Биограф Екатерины XIX столетия Брикнер называет все это «нелепой болтовней среди немногих офицеров. Однако реакция Екатерины и ее приближенных на эту историю была скорая и жестокая. Гурьева и Хрущева быстренько обезглавили, еще несколько офицеров отправили на каторгу. Причем главарей на допросах не пытали — быть может, из гуманизма, а быть может, и для того, чтобы не копать слишком глубоко, мало ли какие имена могли всплыть…

1762 год. Заговор Рославлева, Ласунского и Хитрово. Это — обделенные, считающие, что за участие в перевороте получили слишком мало. Детали толком неизвестны, но с троицей обошлись мягко, всего лишь устроили крепкую словесную взбучку. Екатерина не без цинизма письменно велела одному из своих приближенных передать озабоченным нытикам, что денег им требовать стыдно, коли уж они помогали ей взойти на престол ради благородной цели, «для поправления недостатков в отечестве своем». Казна, одним словом, не резиновая, и на всех не напасешься, мало ли Вас таких тогда орало на улицах…

1763 год, весна. Троица все же не унялась — на сей раз она возмущенна устойчивым слухами о намерении Екатерины обвенчаться с Григорием Орловым. Пошли разговоры, что среди гвардии ведется агитация в пользу двух братьев Иоанна Антоновича, что в заговор замешаны опять‑таки Панин и вездесущая княгиня Дашкова…

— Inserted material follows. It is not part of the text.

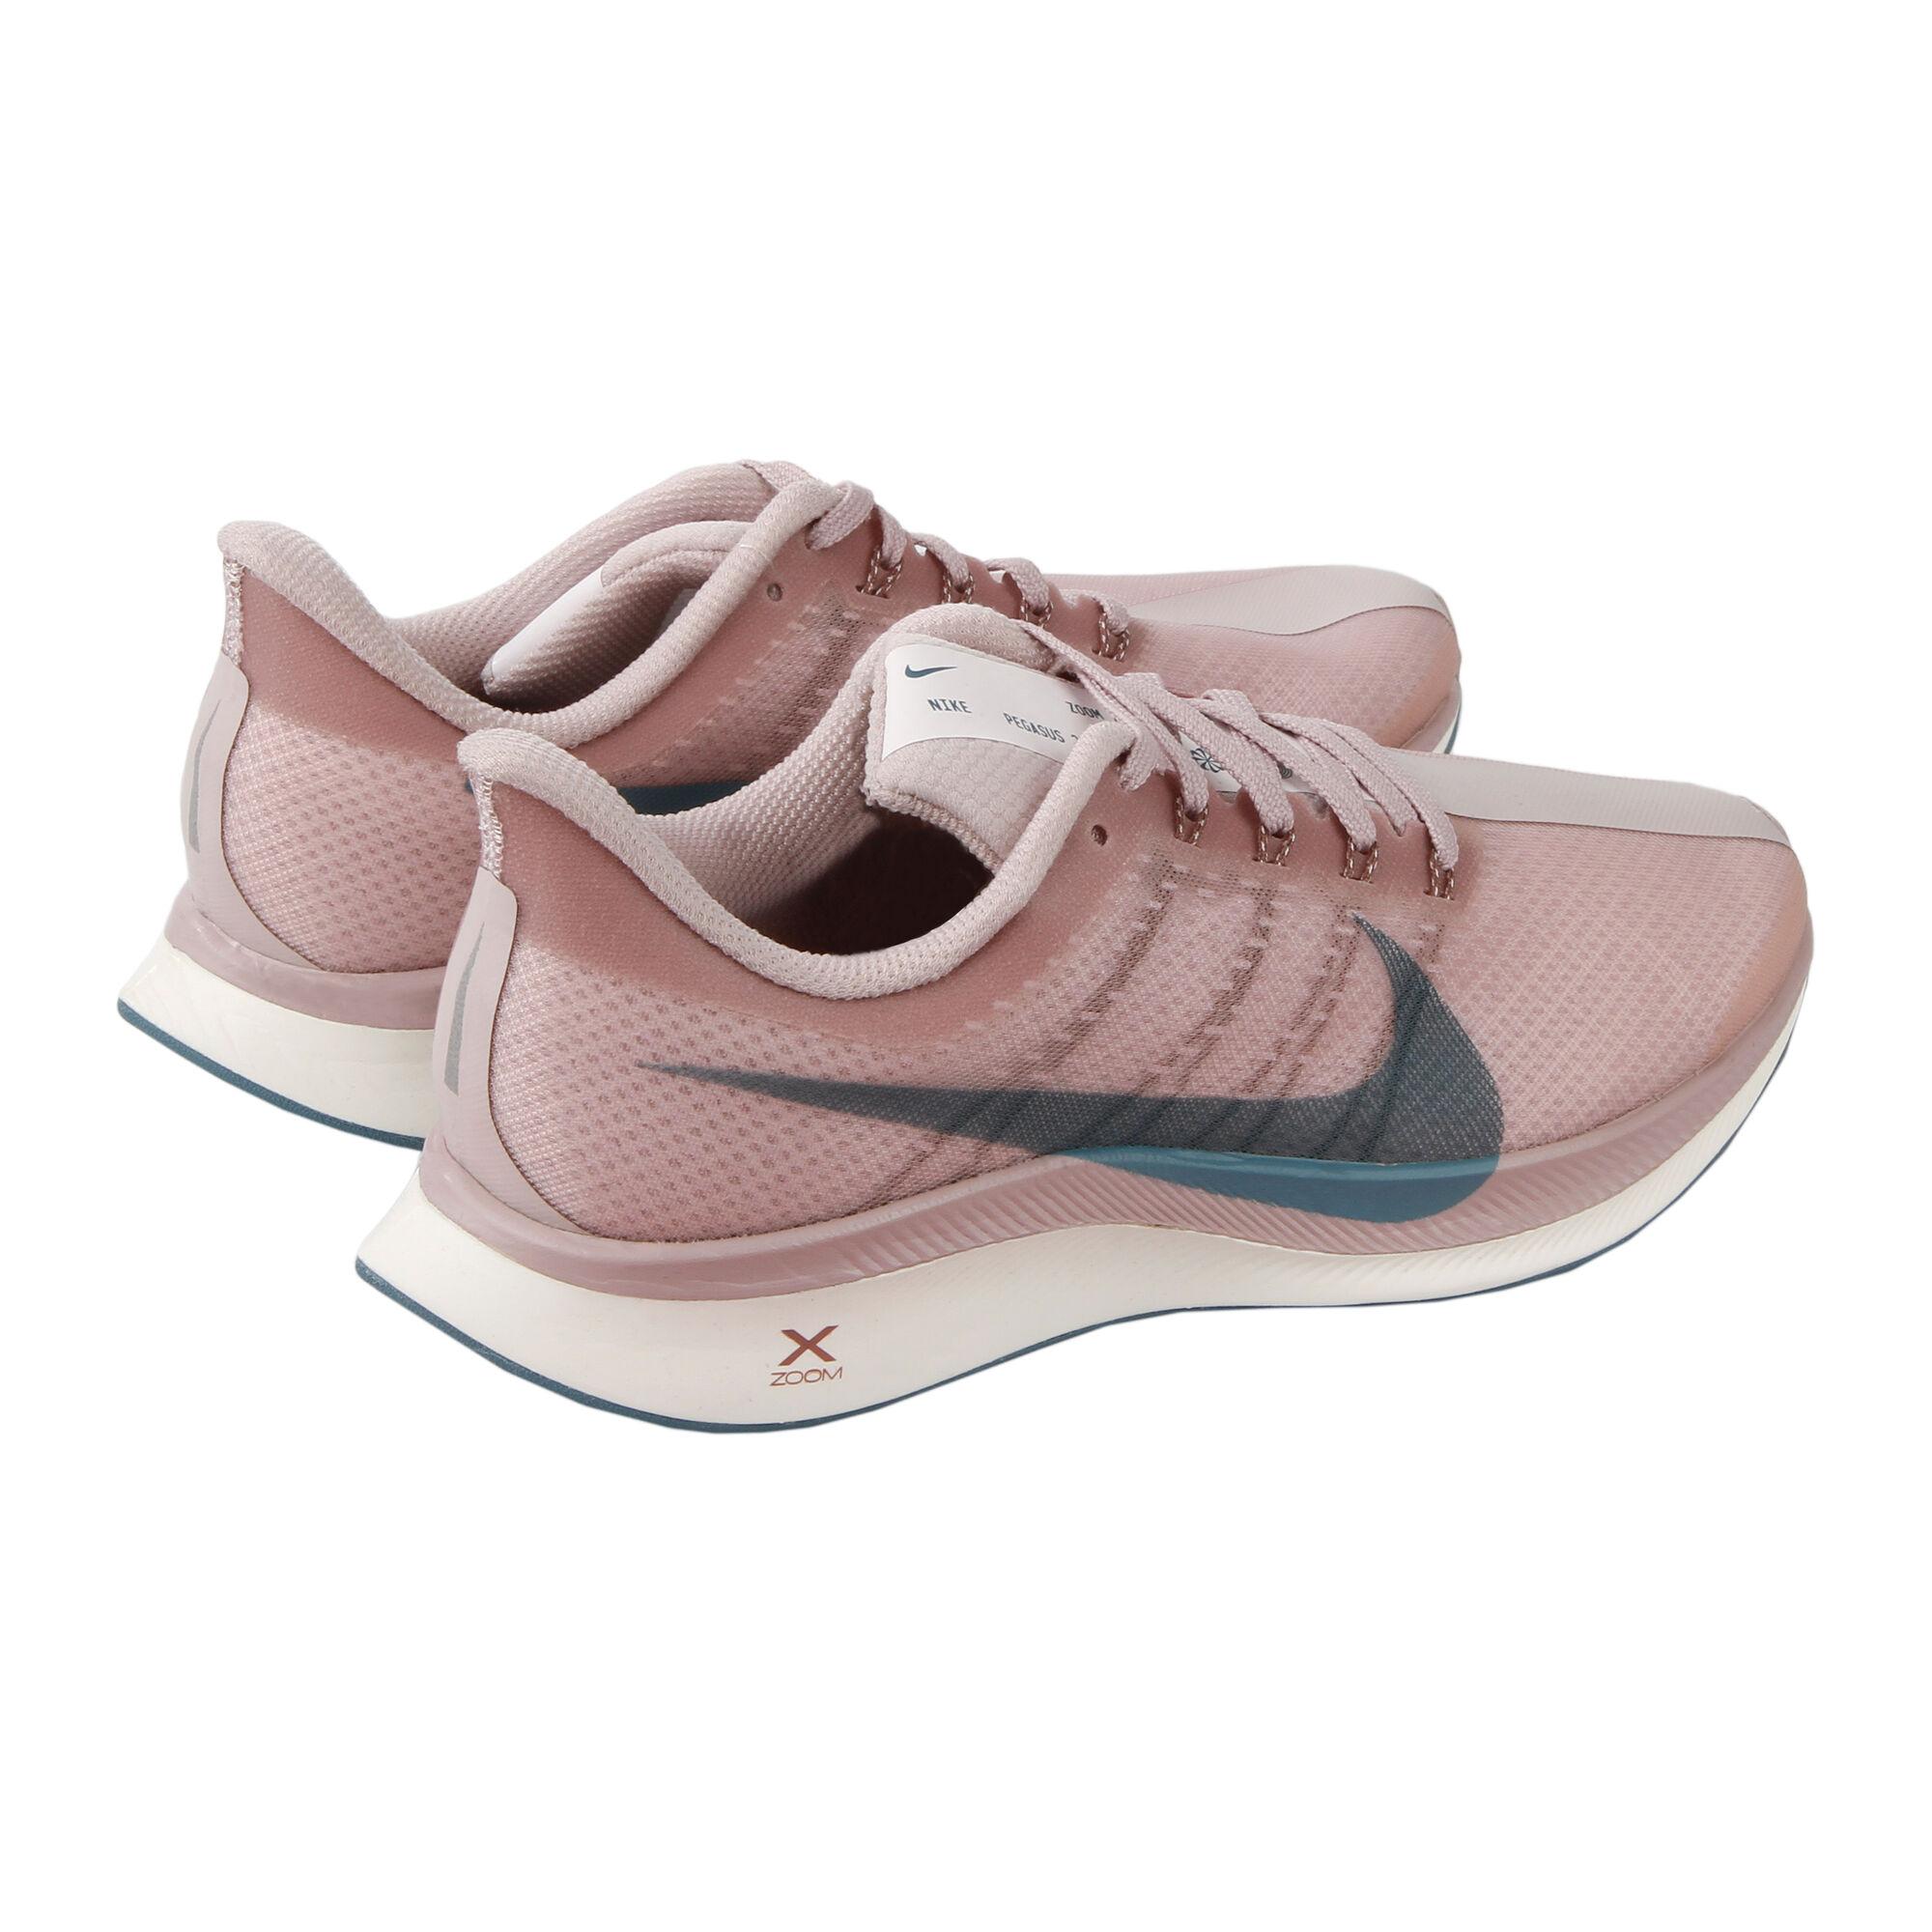 e2ddc20ec Nike · Nike · Nike · Nike · Nike · Nike · Nike · Nike · Nike. Zoom Pegasus  35 Turbo Women ...

И на сей раз поступили достаточно мягко. Камер‑юнкера Хитрово выслали в его имение, а капитанов Измайловского Полка (снова этот полк!) Ласунского и Рославлева турнули в отставку…

1764 год. Самый знаменитый заговор екатерининского времени — «дело Мировича». Поручик Мирович пытается освободить Иоанна Антоновича, но того успевает убить согласно инструкции стража. Ясности в этой истории нет до сих пор. Давным‑давно некоторые историки, приводя довольно убедительные доказательства, уверяли, что все это было задумано самой Екатериной и осуществлено ее агентами, сыгравшими с Мировичем «втемную». Его перед казнью опять‑таки не пытали, что противоречило нравам того времени и привычкам Тайной Канцелярии…

1767 год. Заговора нет, но долго ходили слухи, что во время поездки Екатерины в Москву на нее было совершено покушение.

1767 год. Капитан кавалергардского полка Панов и еще несколько гвардейских офицеров начинают толковать меж собой, что Великий Князь Павел Петрович уже вошел в совершеннолетие, а потому пора бы «матушку» свергнуть…

Все сосланы в Сибирь и на Камчатку.

1769 год. Восемнадцатилетний офицер из Нарвы Опочинин начал рассказывать, что он — сын Елизаветы и «аглицкого короля», а поэтому следует Екатерину захватить и посадить в крепость, а Орловых перебить без жалости.

Его и его сообщника корнета Батюшкова поначалу приговаривают к смертной казни, но Екатерина заменяет плаху Батюшкову пятилетней каторгой, а Опочинину (сыну не английского короля, а русского генерал‑майора) — ссылкой в Иртышский гарнизон.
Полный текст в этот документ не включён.